• **Aim of the exercise**: Print only the lines from the top of the data through the line with "zylinder bodenvase aus", both included, skipping every picture.

• **Data section**:
--
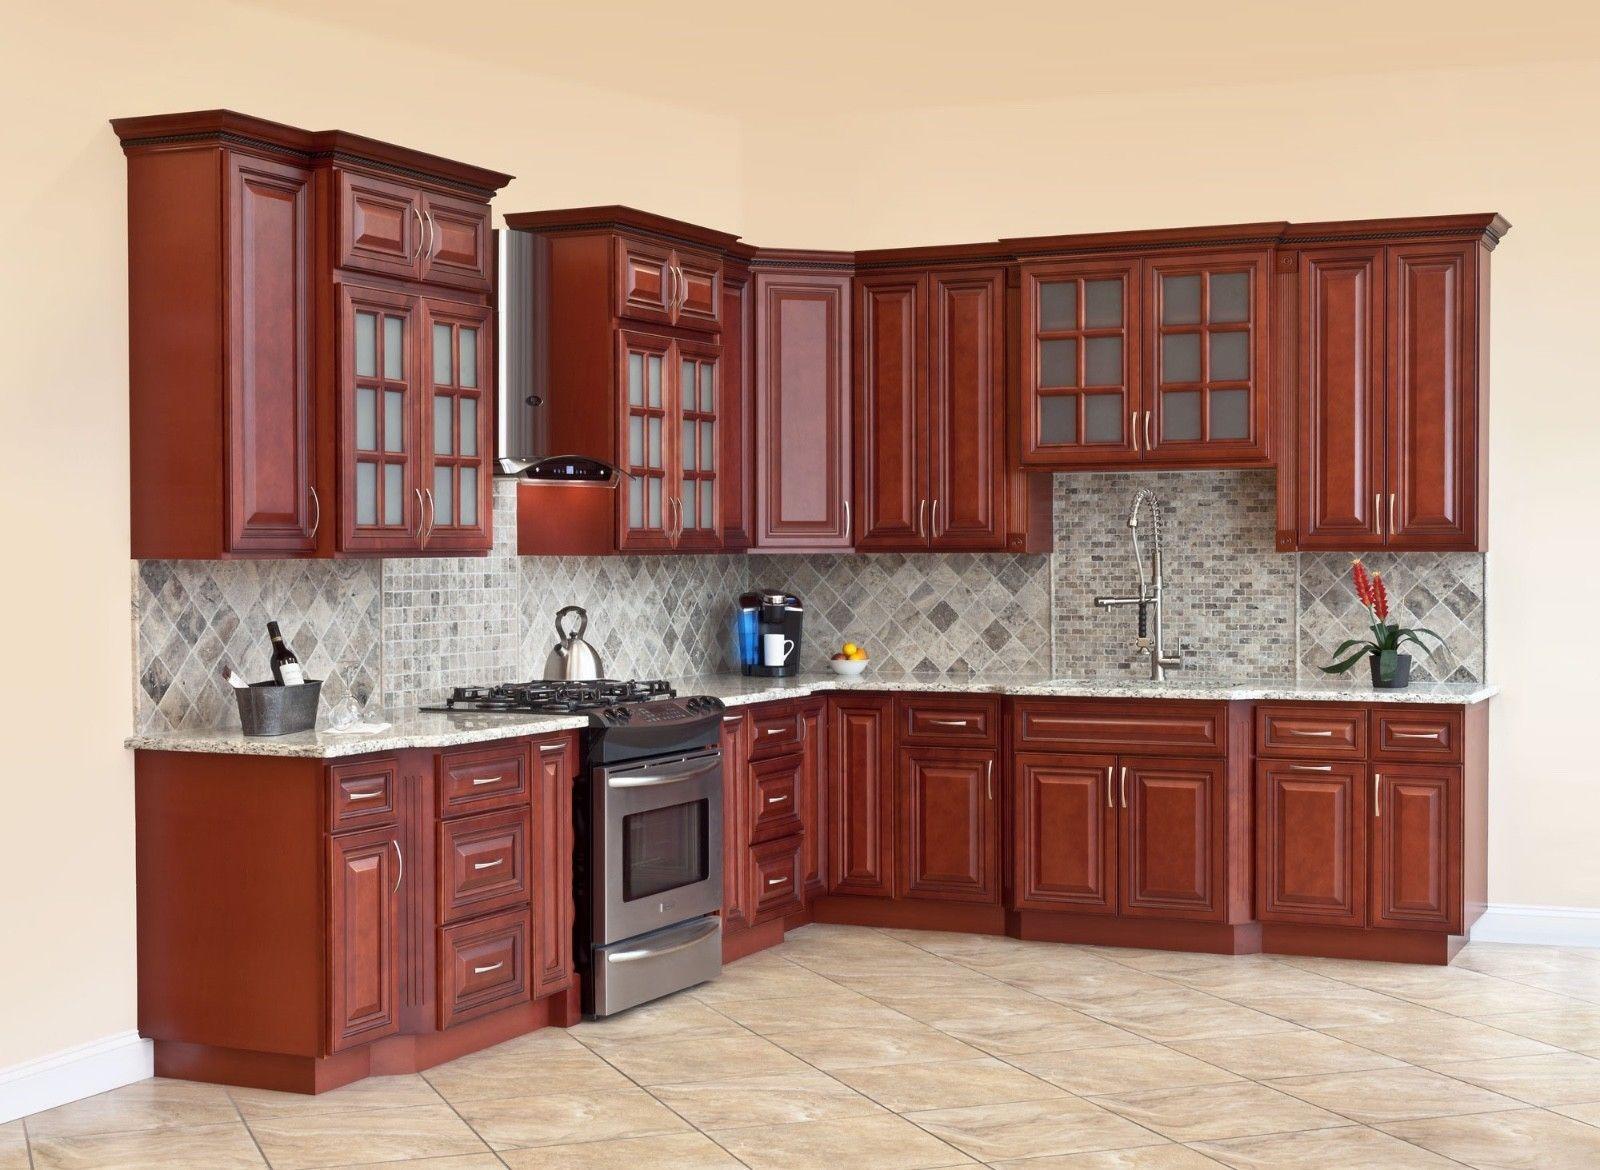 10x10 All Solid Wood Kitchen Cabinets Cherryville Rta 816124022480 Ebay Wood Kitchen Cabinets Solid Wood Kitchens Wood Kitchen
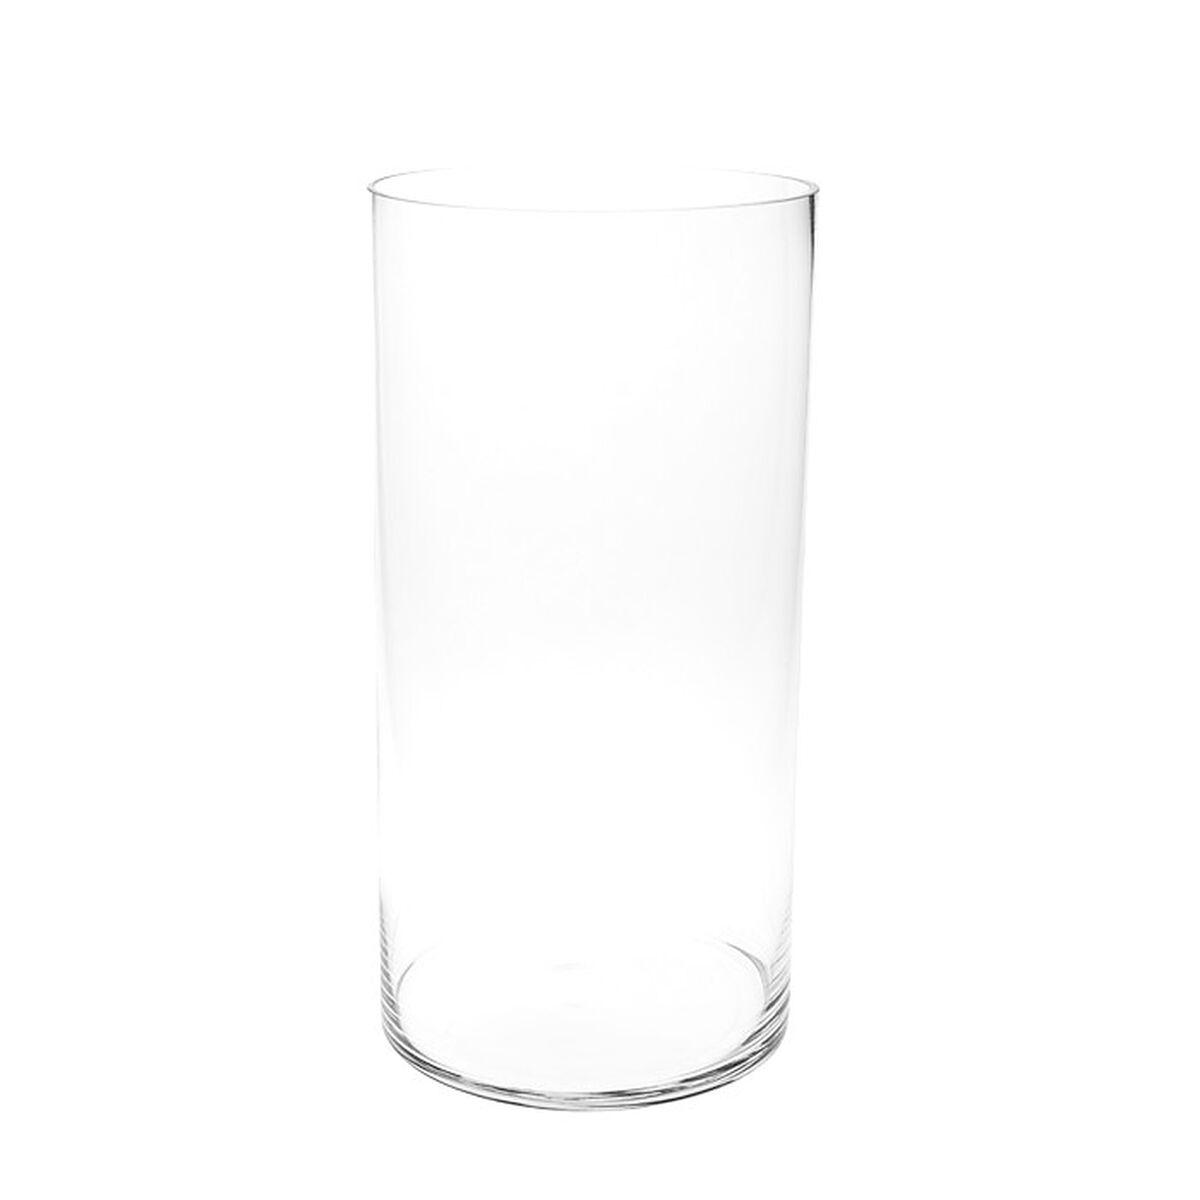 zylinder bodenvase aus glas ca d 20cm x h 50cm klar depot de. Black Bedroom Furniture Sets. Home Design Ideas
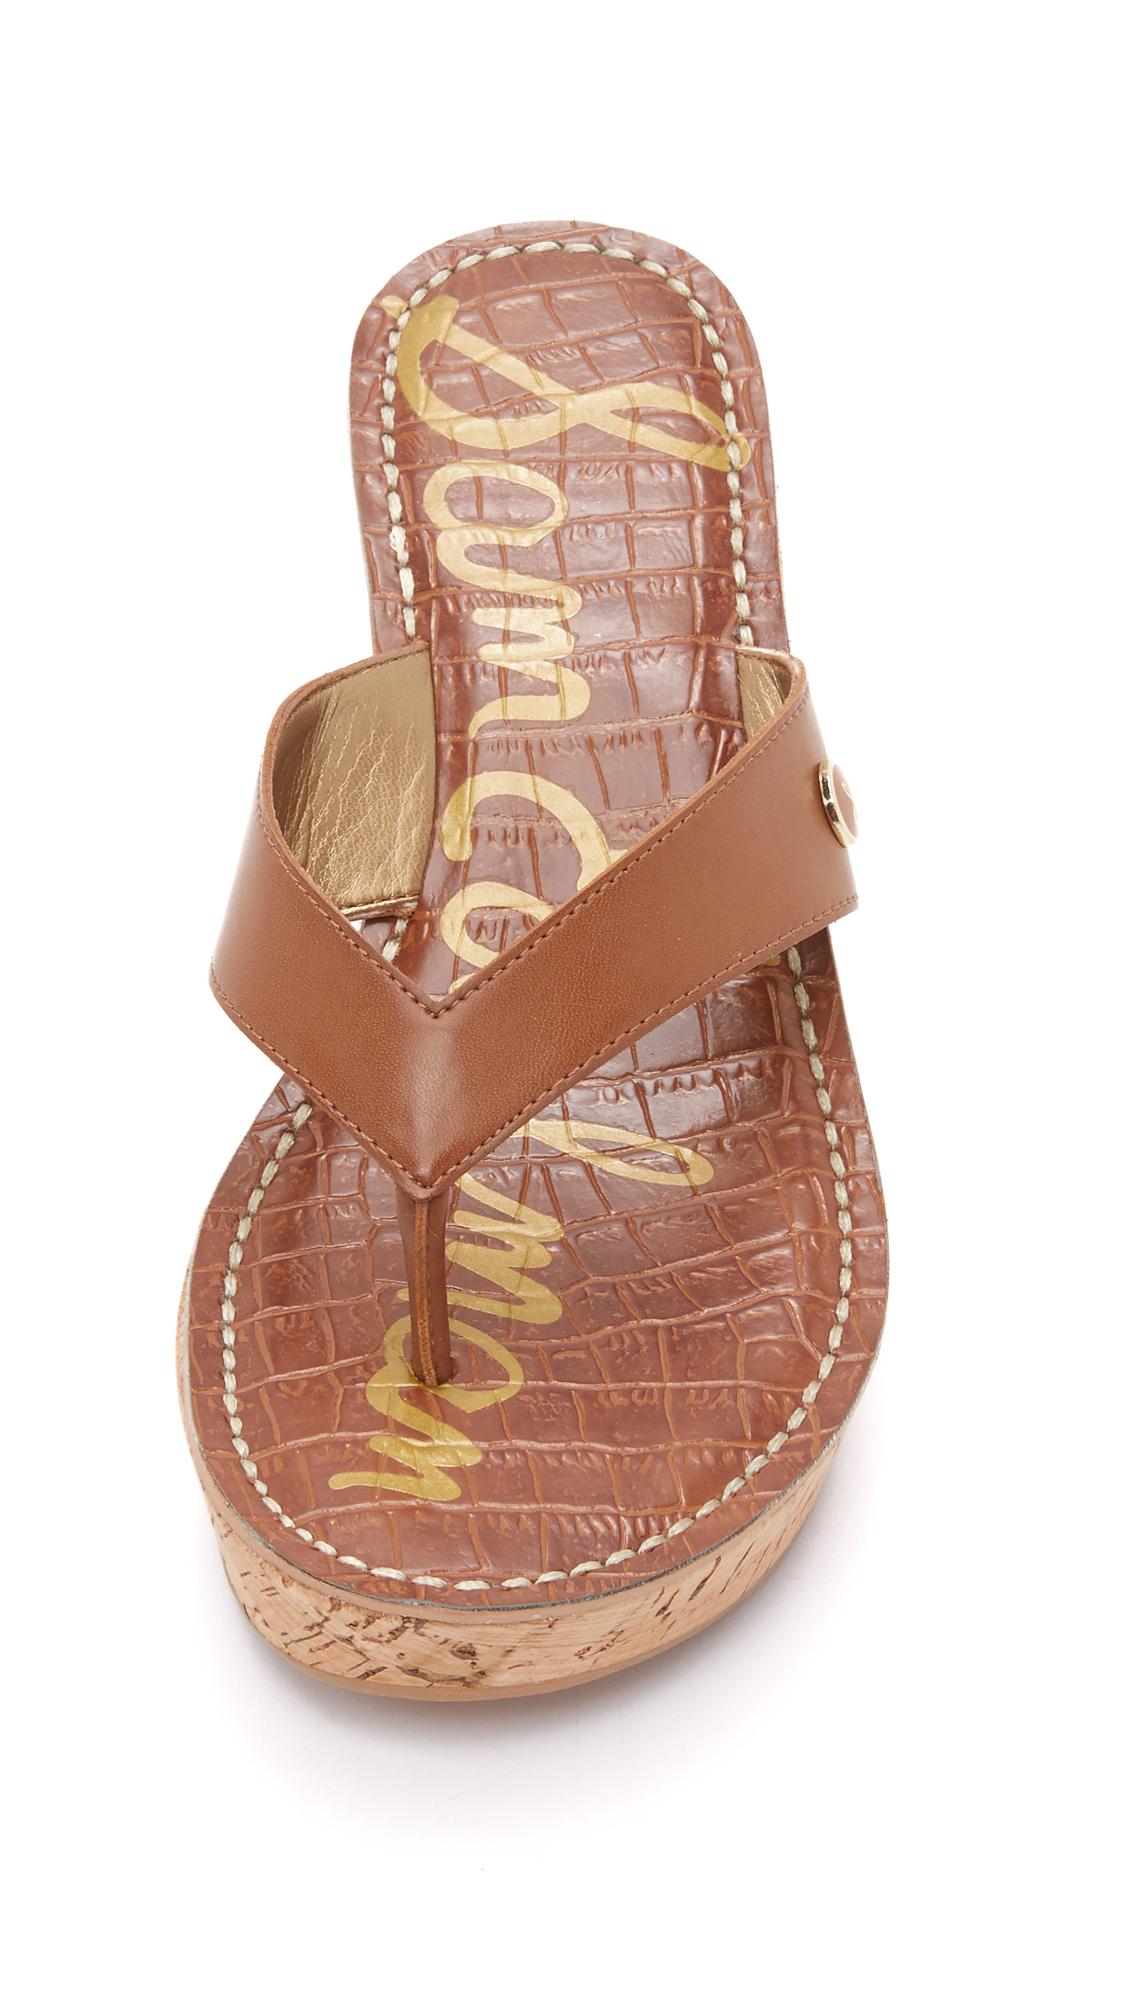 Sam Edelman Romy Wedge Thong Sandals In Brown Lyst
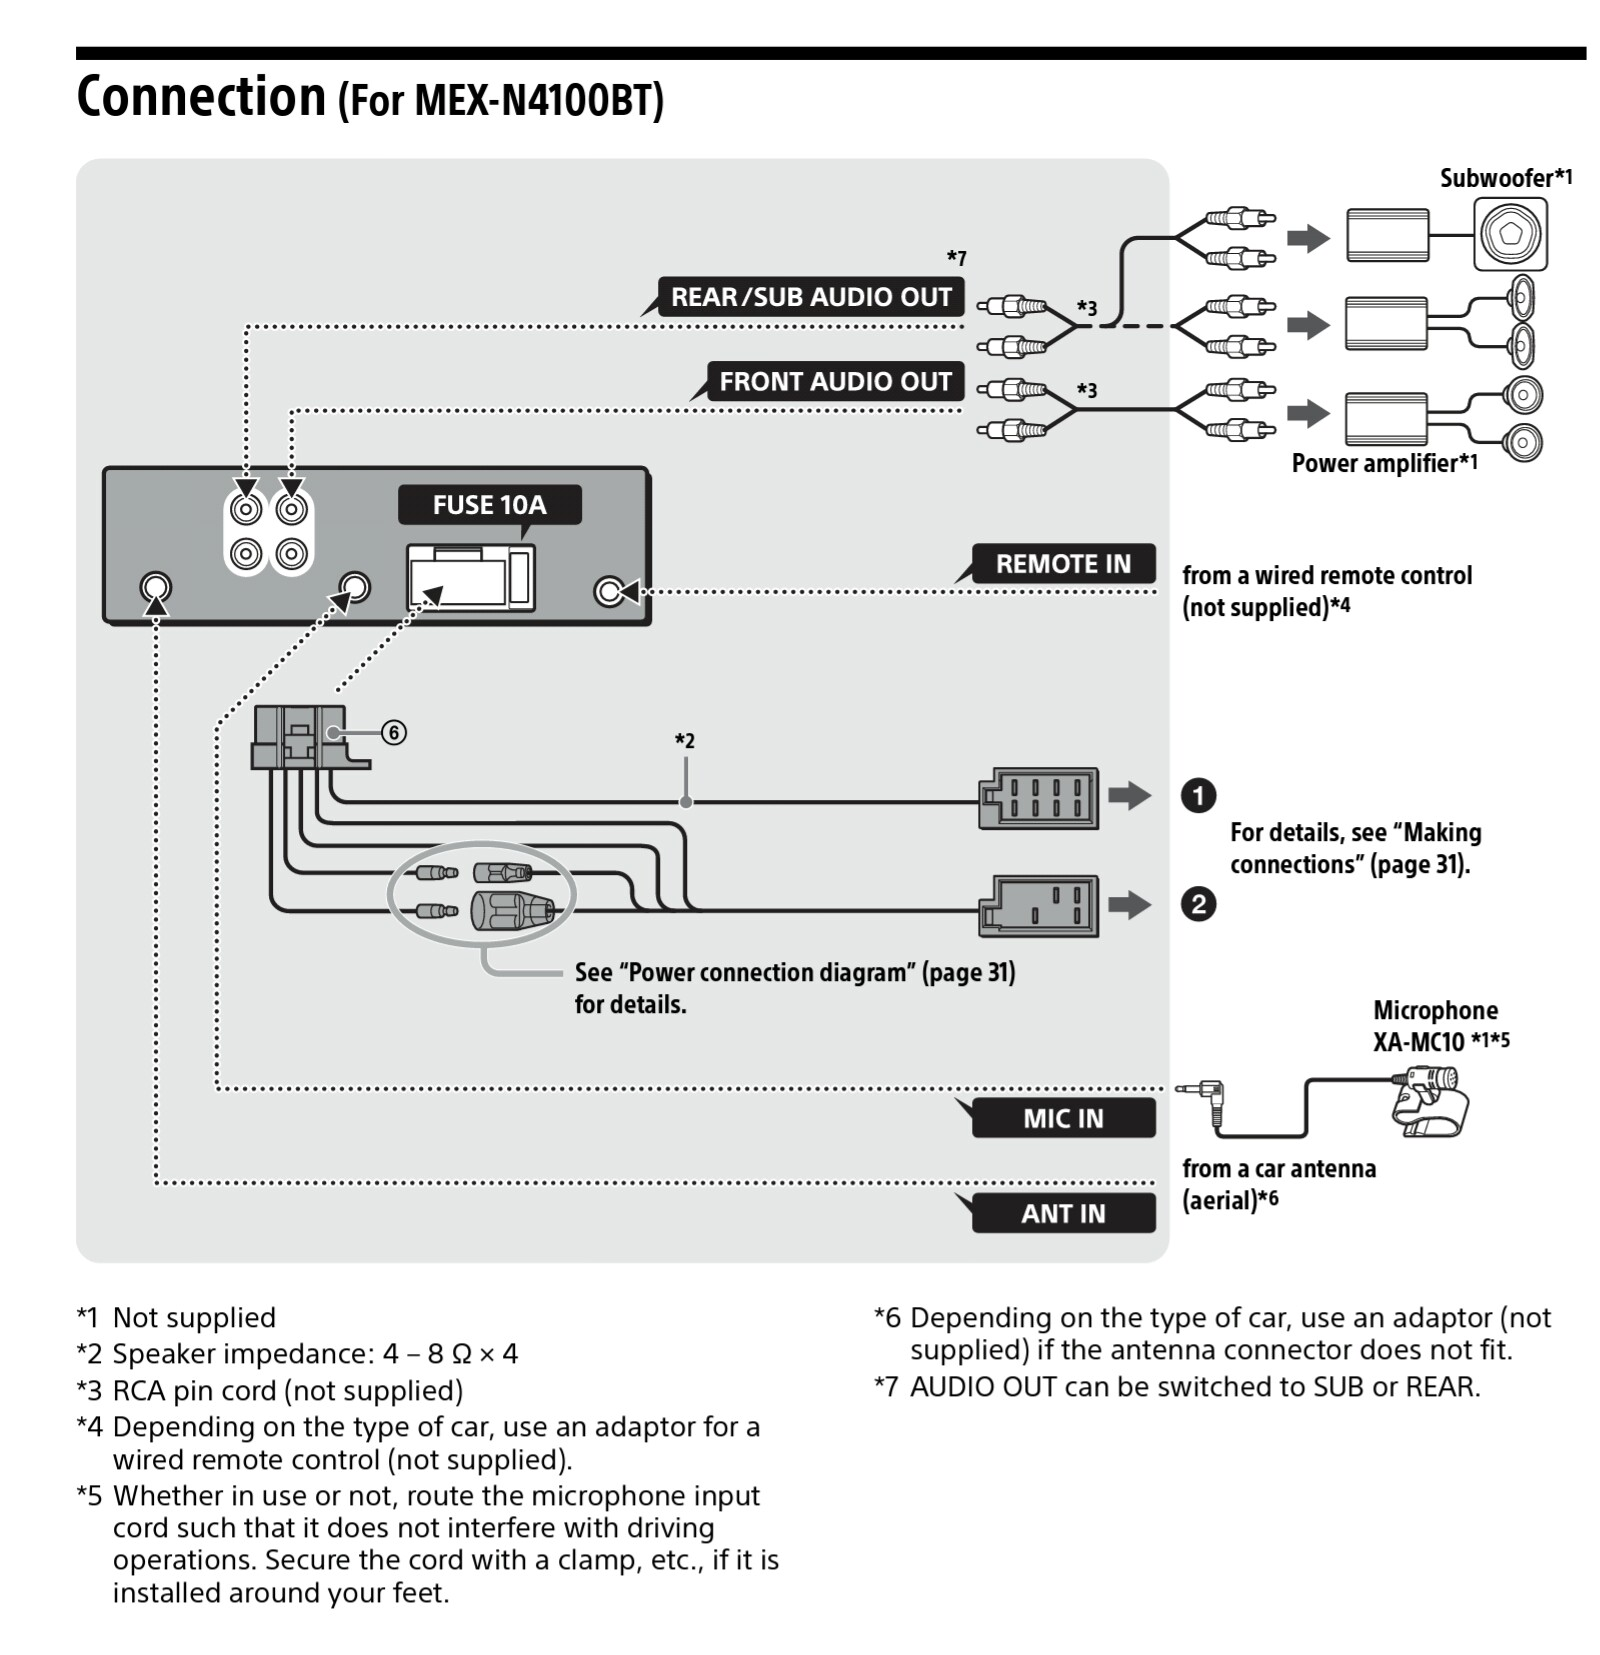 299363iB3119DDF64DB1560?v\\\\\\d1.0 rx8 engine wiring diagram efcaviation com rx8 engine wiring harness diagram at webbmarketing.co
--
• **Answer section**:
 10x10 All Solid Wood Kitchen Cabinets Cherryville Rta 816124022480 Ebay Wood Kitchen Cabinets Solid Wood Kitchens Wood Kitchen
 zylinder bodenvase aus glas ca d 20cm x h 50cm klar depot de. Black Bedroom Furniture Sets. Home Design Ideas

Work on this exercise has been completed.